Чарли издал характерный для американцев звук носом — аахм, означающий отрицание, и сказал:
— Да не таким уж. Война — жестокая штука, но не обязательно жестоки люди, которые ее ведут. Вашингтон был джентльменом. Когда сражение под Принстоном закончилось, он подошел к раненому британскому солдату и похвалил за храбрость в бою. В Филадельфии он защитил пленных гессенцев от разъяренных толп, которые убили бы их. Видишь ли, гессенцы, как большинство европейских профессиональных солдат, были приучены проявлять милосердие только в определенных обстоятельствах, а в противном случае не брать пленных — так они и поступили с нами на Лонг-Айленде, где устроили жестокую резню, — и они были настолько поражены человечным отношением к ним, что добрая четверть солдат, когда война кончилась, остались тут. Они переженились на пенсильванских голландках. И стали американцами.
— Похоже, вы очень влюблены в Джорджа Вашингтона.

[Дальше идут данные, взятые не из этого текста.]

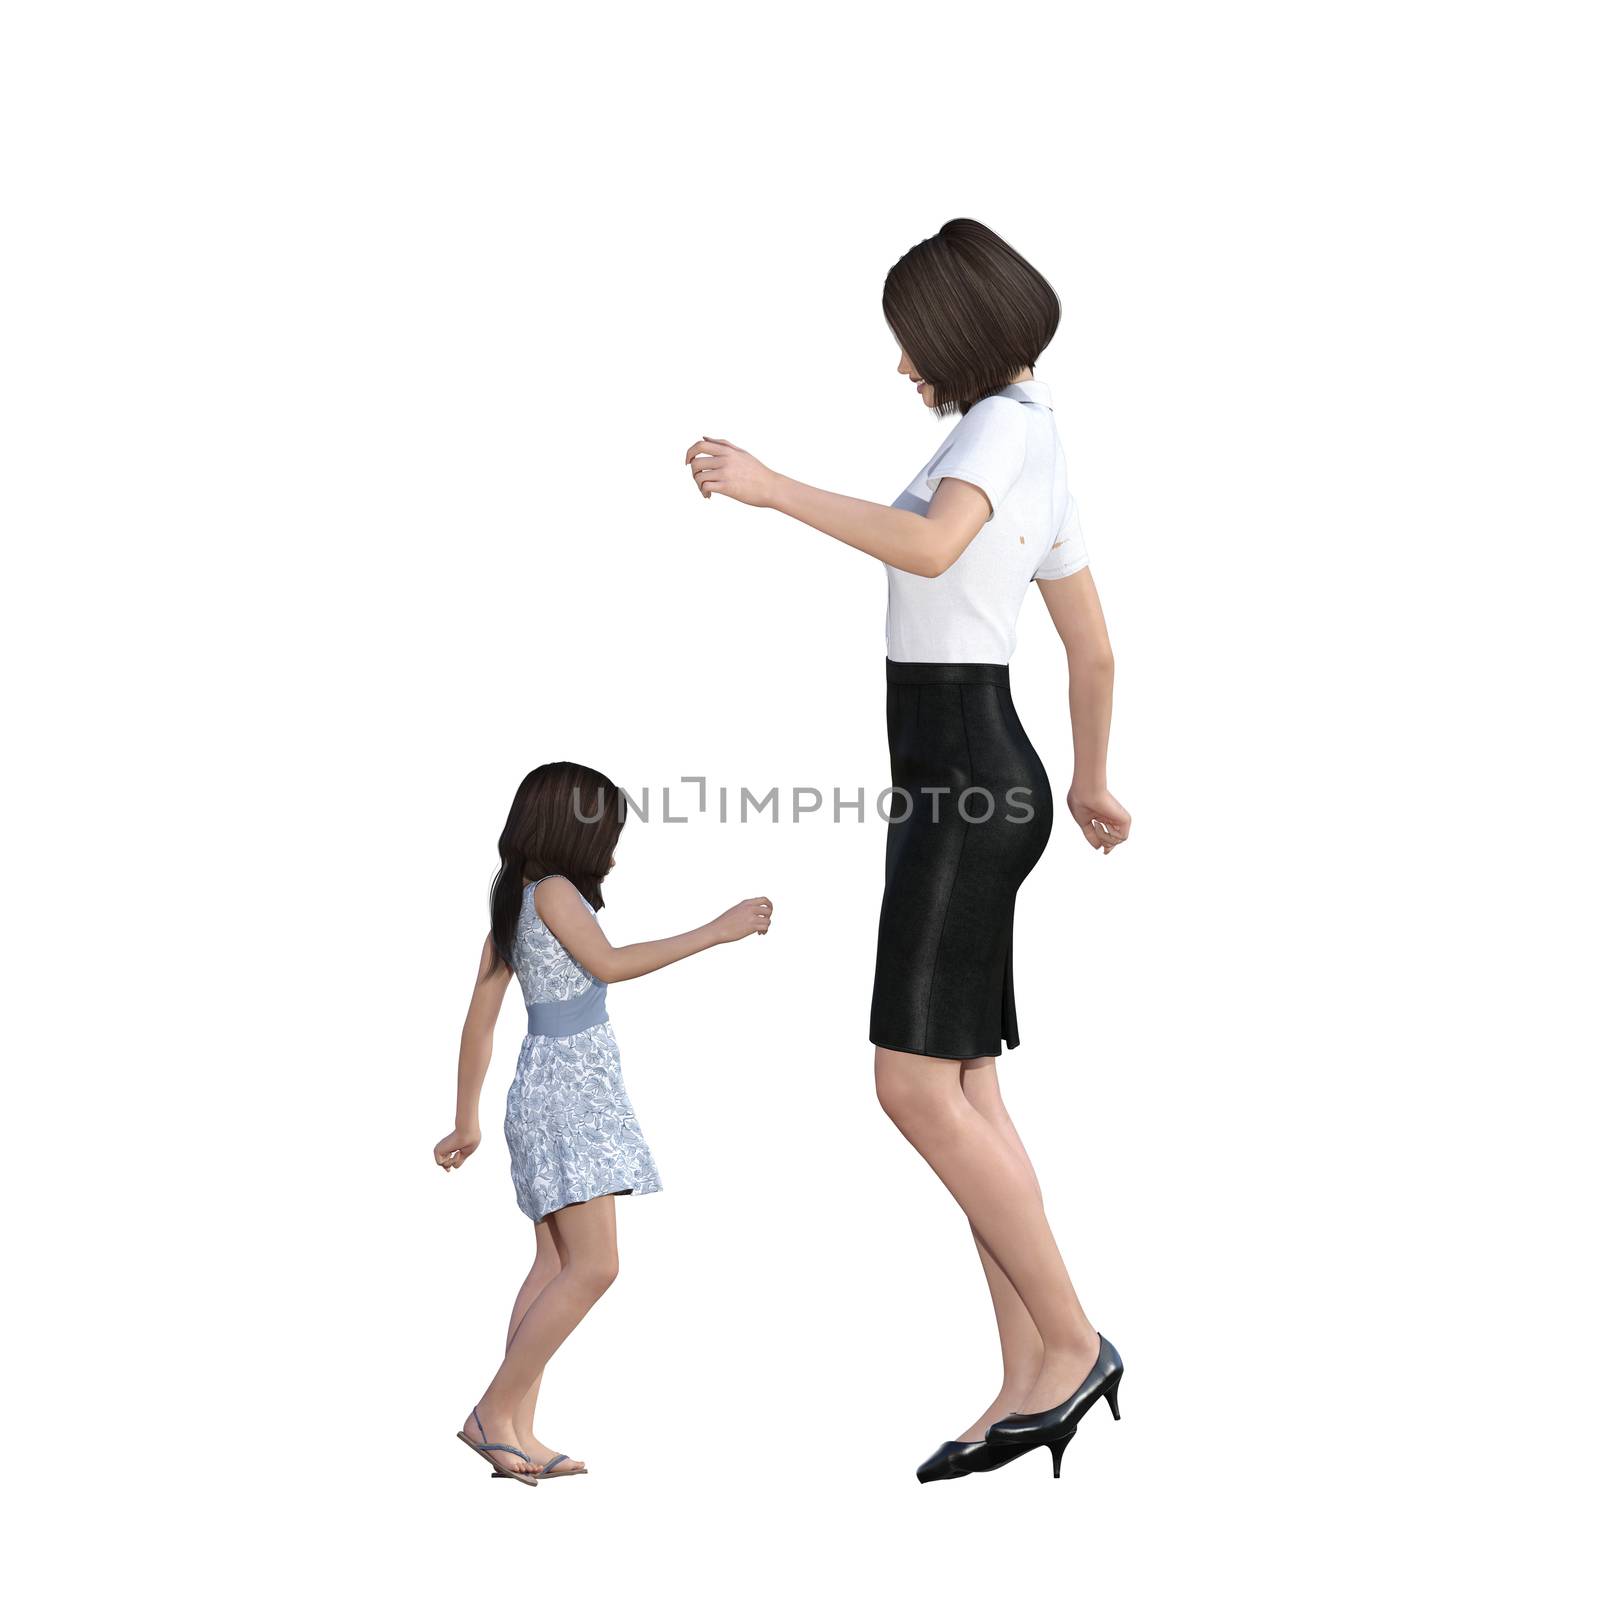 Mother Daughter Interaction of Dancing Together by kentoh

— Что ж, а почему бы и нет? — Чарли помолчал, словно соображая, не расставил ли ему Ахмад западню. — Нельзя относиться иначе к нему, если тебе дорог Нью-Джерси. Он ведь здесь заслужил свои шпоры. Большая его заслуга в том, что он постоянно учился. Во-первых, он научился ладить с жителями Новой Англии. С точки зрения виргинского плантатора, жители Новой Англии были нечесаными анархистами; они набрали в свои ряды черных и краснокожих индейцев, точно это были белые люди, и сажали их на свои китобойные суда. А сам, если уж на то пошло, держал у себя в качестве пособника большого черного самца, фамилия которого тоже была Ли, но он не был родственником Роберта Ли. Когда война кончилась, Вашингтон дал ему свободу в благодарность за служение Революции. Он научился плохо относиться к рабству. К концу жизни он стал поощрять набор в армию черных, а вначале был против этого. Ты знаешь слово «прагматичный»?
— Конечно.
— Таким был Джорджи. Он научился жить по принципу: брать что есть и сражаться в партизанском стиле: ударил-спрятался, ударил-спрятался. Он отступал, но никогда не сдавался. Он был Хо Ши Мином своего времени. Мы же были как Хамас. Мы были Алькаидой. Британцы хотели, — спешит добавить Чарли, увидев, что Ахмад втягивает в себя воздух, словно готовясь прервать его, — чтобы Нью-Джерси стал как бы образцом умиротворения, — старались привлечь на свою сторону сердца и умы, ты слышал об этом. Они увидели, что их поведение на Лонг-Айленде ничего не дало, породило еще большее сопротивление, и старались быть здесь добрыми, завоевать сердца колонистов и вернуть их матери-родине. А Вашингтон в Трентоне дал понять британцам: «Такова реальность. Никакое доброе отношение ничего не изменит».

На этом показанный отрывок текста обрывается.